Adams said this company also claims that their application has been "accepted for filing," which means the FDA review process can begin.
Adams has not yet been notified by the applicant of its Paragraph IV Certification, which is a requirement of the FDA filing, according to a company news release.
Adams said Mucinex is the only FDA-approved, extended-release, single-ingredient guaifenesin product and notes the following two hurdles for a competitor to enter the over-the-counter market:
• The New Drug Application approval of Mucinex was based on rigorous scientific criteria. Adams said it will urge the FDA to apply these same scientific standards to this ANDA filing as it applied to the company's NDA filing for Mucinex.

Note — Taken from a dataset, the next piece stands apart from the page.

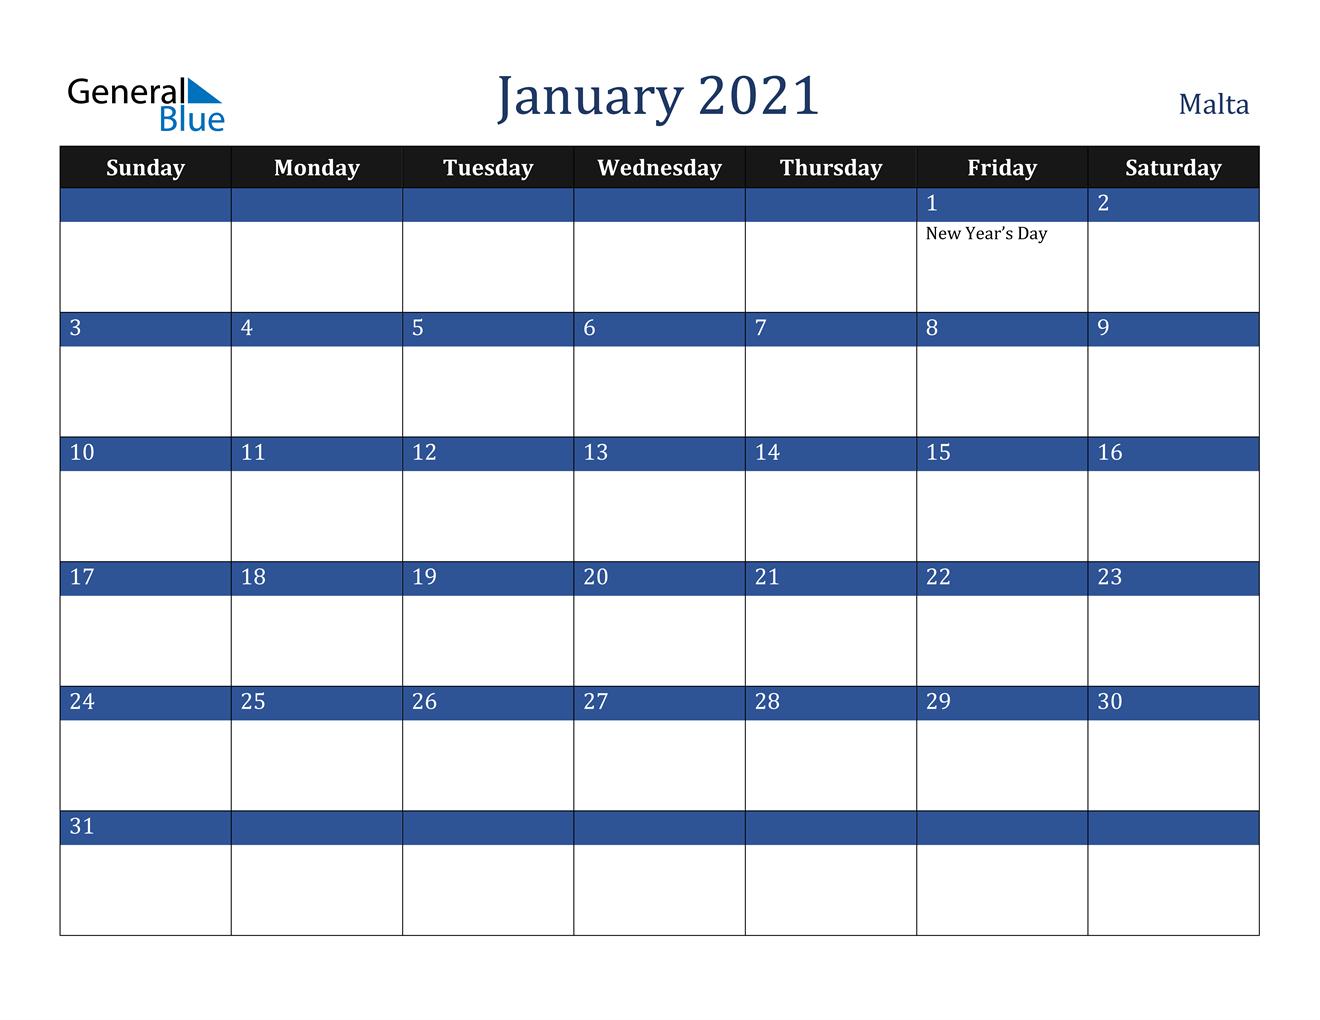 January 2021 Calendar Malta

• The company has two patents that protect its suite of extended-release bi-layer tablet products. These patents are listed in the FDA Orange Book and expire in 2020.
"Based on what we have been told about this ANDA filing, it appears that this product application employs an older, well-known matrix technology. In fact, Adams spent several years working with this technology, but the FDA did not accept the resulting drug release profile and required a higher scientific standard for product approval. We subsequently abandoned this technology and developed our own proprietary bi-layer extended-release formulation, which ultimately served as the basis of our FDA approval for Mucinex," president and chief executive officer Michael J. Valentino said in the release.
"It is our view that this applicant should be held to the same set of rigorous standards that were required of Adams."
Adams is a specialty pharmaceutical company based in Chester, N.J.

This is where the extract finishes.